Here is the sample text.
sample_text='Extract text before the last word'
Using string split method I can extract substring before 'word'
print(sample_text.split('word',1)[0])
I am extracting sample_text from a pdf document so there can be following possibilities.
sample_text='Extract text before the last w ord'
sample_text='Extract text before the last wo rd'
sample_text='Extract text before the last wor d'
sample_text='Extract text before the last wo r d'
Is there a simple way to take these possibilities into account and get the desired output?
Thanks in advance.
2 Answers 2
You can use a regular expression that ignore space : In your example, with the word "word" that would be the regular expression :
"w\s*o\s*r\s*d"
Try to split each line in this way :
import re
sample_text='Extract text before the last w ord'
re_ignor_space = "w\s*o\s*r\s*d"
sample_text_splitted = re.split(re_ignor_space, sample_text)

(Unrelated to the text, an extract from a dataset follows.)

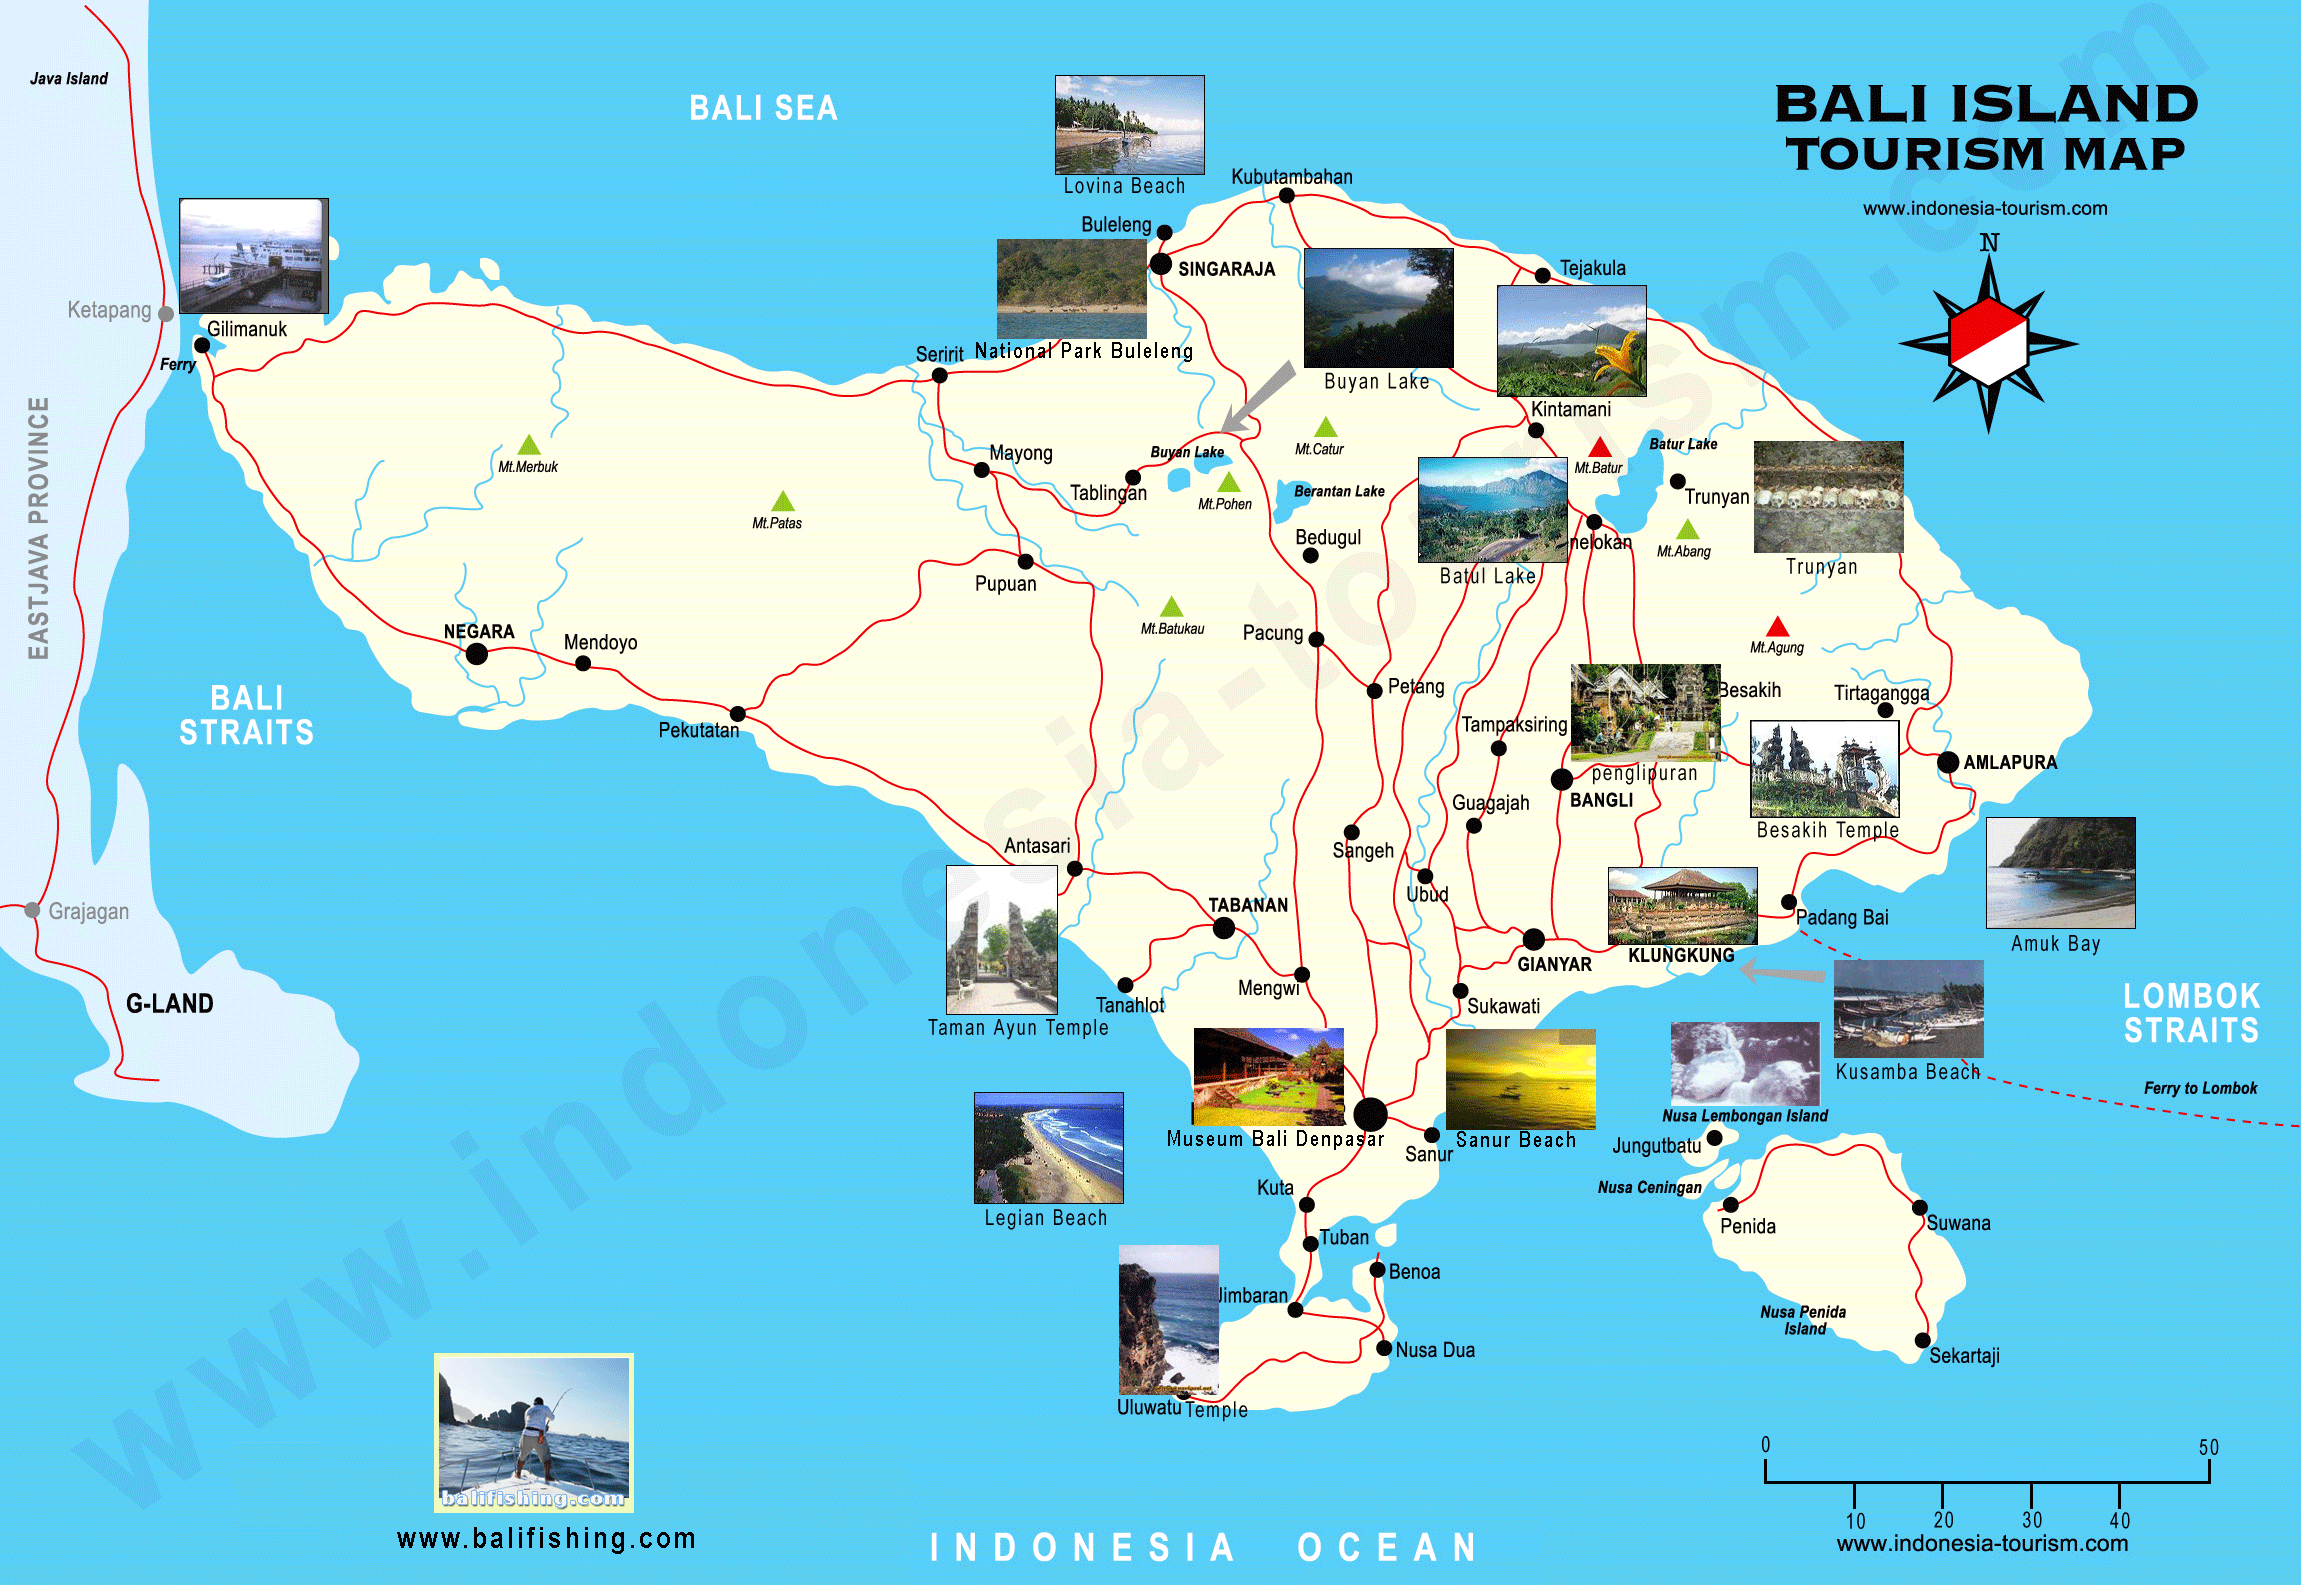 Indonesia Tourism: Bali Island Tourism Map

desired_string = ''.join(sample_text_splitted[:-1])
print (desired_string)
If you do not need the last word just ignore it with slice :
desired_string = ''.join(sample_text_splitted[:-1])
Output :
Extract text before the last
4 Comments
You can split by regex pattern if you want.
import re
pattern = 'w\d?o\d?r\d?d'
print(re.split(pattern, sample_text))
Outputs:
['Extract text before the last ', '']